Actually there is one that has the new baby brutes in it...but this is the first vid I've seen posted. The other thread shows the new 4 seater Teryx as well.


----------



## Coolwizard (Feb 28, 2009)

I liked the tail lights too.


----------



## BruteForceParts (Jul 30, 2011)

http://www.mudinmyblood.net/forum/showthread.php?t=14607


----------



## Polaris425 (Dec 16, 2004)

gonna merge them...


----------



## redneckrancher420 (Jul 5, 2011)

I wonder if RDC is fabricating a lift yet for it, lol


----------



## Shrek (Oct 4, 2011)

Polaris425 said:


> gonna merge them...


Thanks for the merge. My bad bud




Wishing I was riding instead of using Tapatalk


----------



## Polaris425 (Dec 16, 2004)

Word. Thanks for finding the video!
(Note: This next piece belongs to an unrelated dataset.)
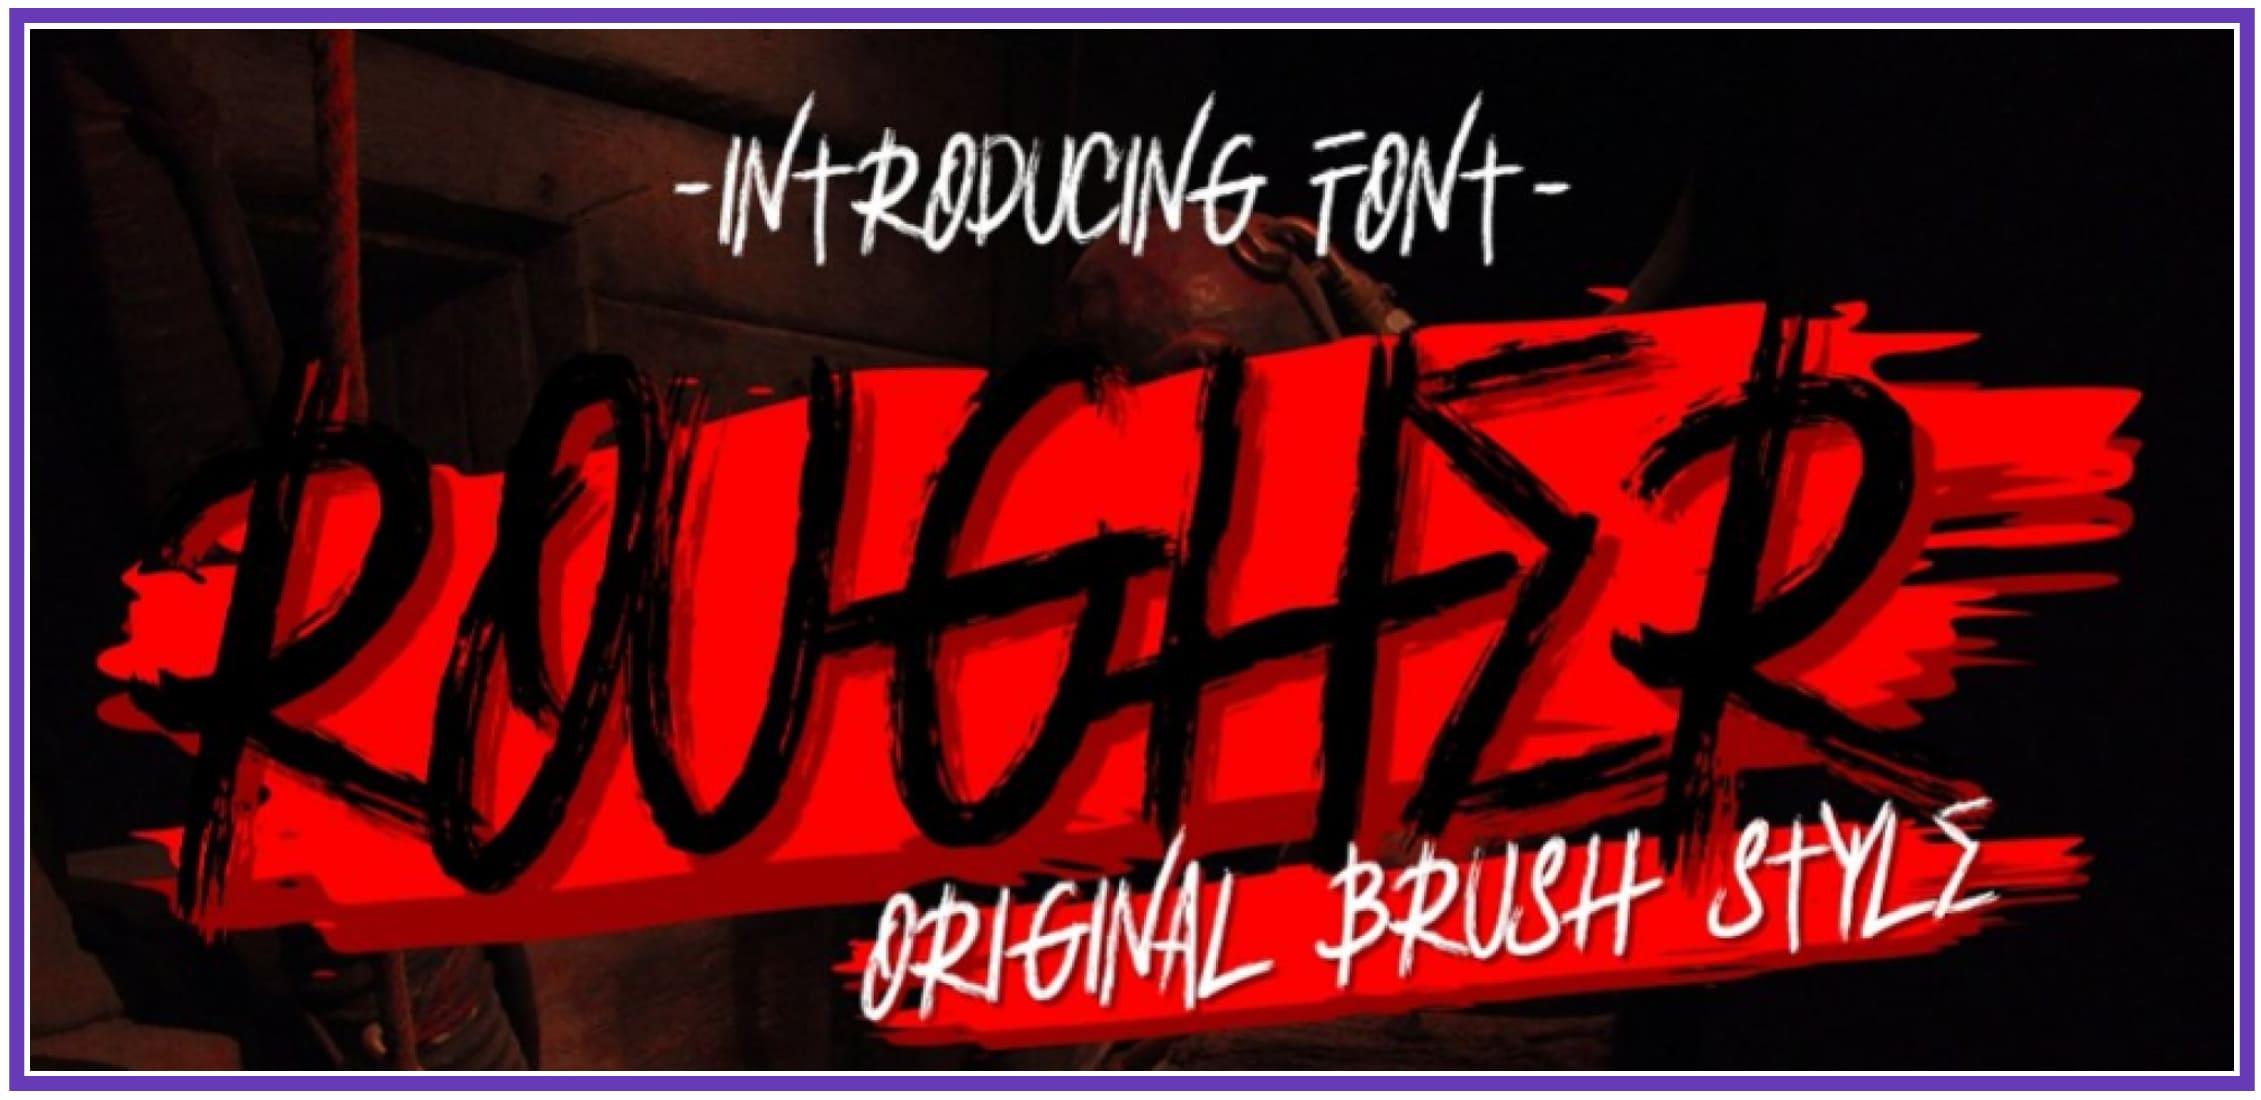 Premium Rougher. Punk Font.

Wish I could have been invited to that test ride though :bigok: lol


----------



## felix945 (Aug 1, 2011)

that brute 300 is like someone guessed before an Kymco MXU300, hat that bike before, preety durable, smart designed but got a litle rust issue, had done 15 or 16.000 km on it without any problem, i just killed one my alternator with that lightbar i had on it. 

that mashine is build by kymco under the name MXU300 since 2005.

Also lucky that on the US photos is no Kymco Emplem on the CVT on the euro ones it is









you can see that on www.kawasaki.de


----------



## Polaris425 (Dec 16, 2004)

It's not on the US site...










http://www.kawasaki.com/Products/Product-Specifications.aspx?scid=1&id=555

so one of them is photo shopped... OR they are using kymco parts in your country and not ours???


----------



## felix945 (Aug 1, 2011)

the frame, the engine, the rear axle and tachometer are exactly the same like on my old bike.
only thing that is different are the plastics


----------



## Polaris425 (Dec 16, 2004)

im not disputing that, Im just saying that on the US site, the "kymco" stamp is not shown inside the clutch. I looked at both sites, the one you posted, and the US site, and it's on the .de but not on the .com (us) site. The picture is the same but the stamp is gone on the US site.


----------



## felix945 (Aug 1, 2011)

yepp, thats what i noticed too, but the big question is why? only marketing issues?

even more strange in my eyes is that an premium manufracturer like Kawa does buy, or works together with kymco....

and another question i ask myself is if that KVF300 is made in USA like my KVF650 brute...


----------